Recruitment of TRAF6 to RANK forms a signaling complex containing TGF-β-activated kinase (TAK) 1 and TAK-1-binding protein (TAB) 2 to activate all three mitogen-activated protein kinase (MAPK) pathways including ERK, JNK, and p38.37 The importance of TRAF6-dependent MAPK activation was confirmed by several studies.

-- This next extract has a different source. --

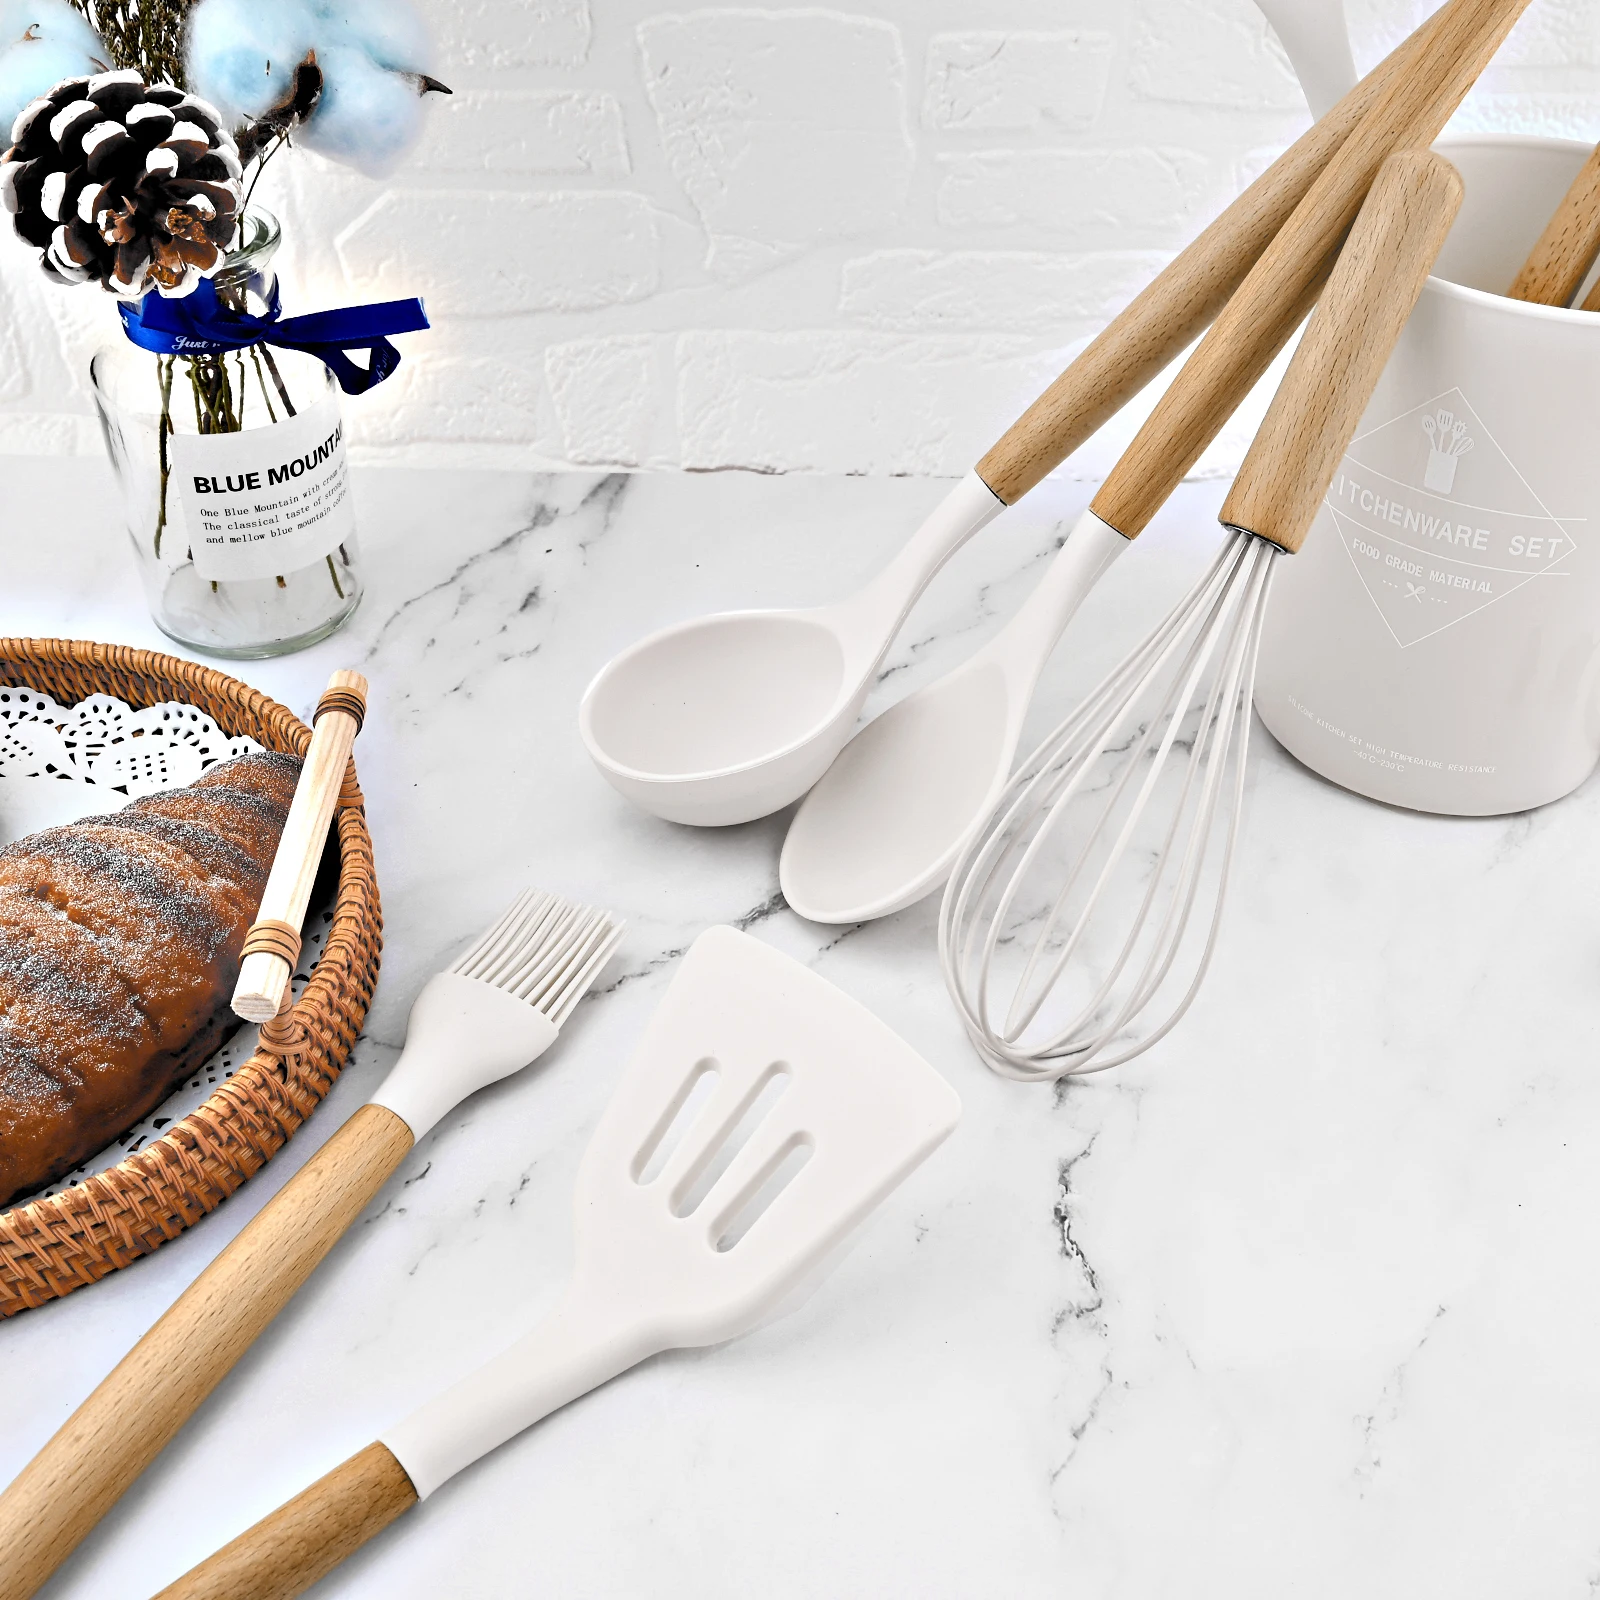 https://ae01.alicdn.com/kf/S2b20dddf15824849bf9b6c4dfe9577cdh/Silicone-Kitchenware-Cooking-Utensils-Set-Non-stick-Cookware-Spatula-Shovel-Egg-Beaters-Wooden-Handle-Kitchen-Cooking.jpg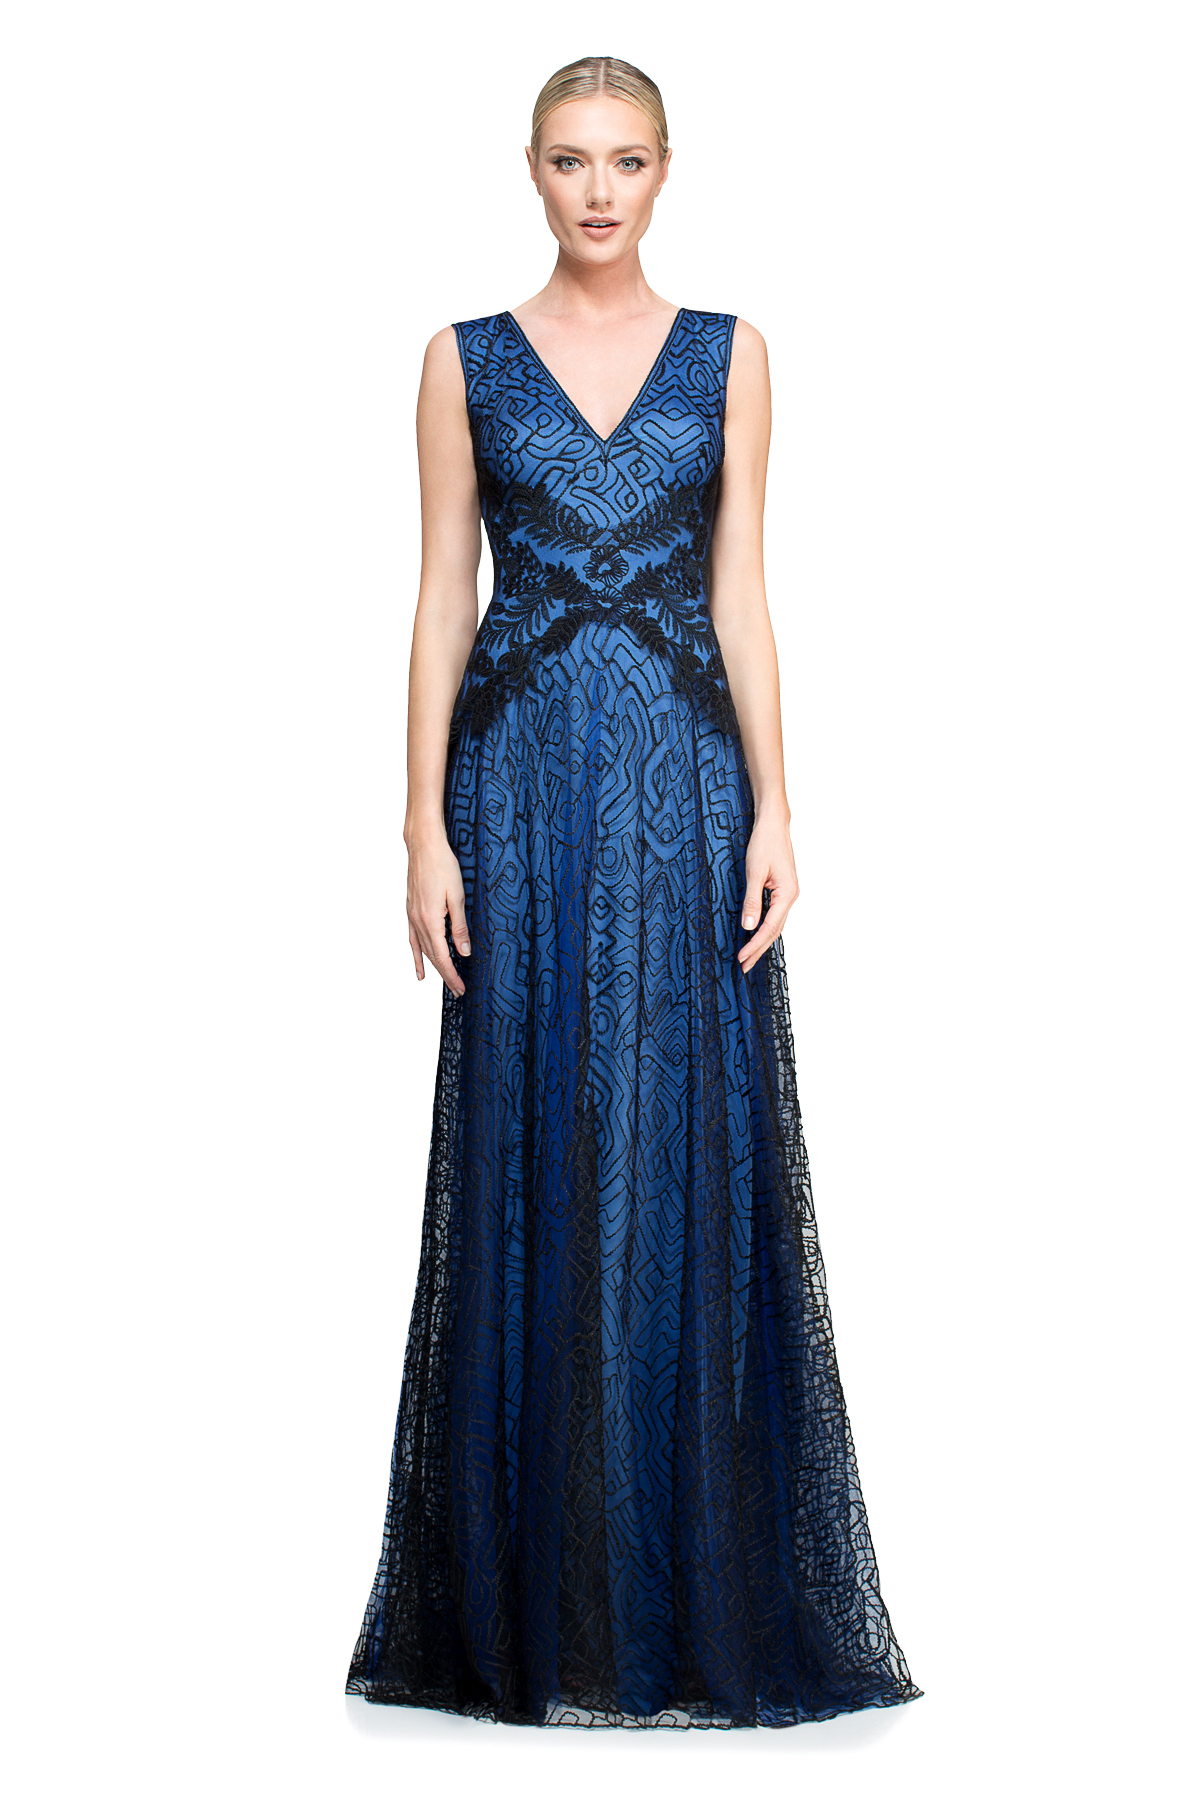 Bella Formals by Venus Cobalt/Black Beaded Evening Dress size 20 | eBay

RANKL could not activate JNK and p38 in TRAF6-deficient spleen cells.33 A specific inhibitor of p38α and β (SB203580) suppressed RANKL-mediated osteoclast differentiation in RAW 264.7 cells, and osteoclast precursor cells derived from jnk1-lacking mice but not from jnk2-lacking mice exhibited reduced ability to differentiate to osteoclasts.38,39 Based on a recent study, mice with genetic deletion of erk1 exhibited reduced osteoclast formation in vivo, suggesting that ERK1 plays an important role in osteoclast differentiation.40 RANKL activates ERK, JNK, and p38 through activation of MEK1/2, MKK7, and MKK6 to induce activation of their downstream targets such as c-Fos, AP-1 transcription factors, and MITF in osteoclast precursors, respectively.41,42,43,44,45,46

RANKL also activates the PI3K/Akt pathway through TRAF6.8 In osteoclasts, activation of PI3K/Akt may be dependent on Src kinase activity, since a Src family kinase inhibitor or genetic deletion of c-Src inhibits RANKL-mediated Akt activation.8 Activated PI3K generates phosphatidylinositol-(3,4,5)-phosphate (PIP3) at the plasma membrane to recruit Akt.47 Two negative regulators of PIP3 production, phosphatase and tensin homolog (PTEN) and SH2-containing inositol phosphatase 1 (SHIP1), negatively regulate osteoclast differentiation. The PI3K inhibitor LY294002 also has an inhibitory effect on osteoclast formation.48,49,50 Taken together, these studies show that the PI3K/Akt pathway is involved in osteoclast differentiation.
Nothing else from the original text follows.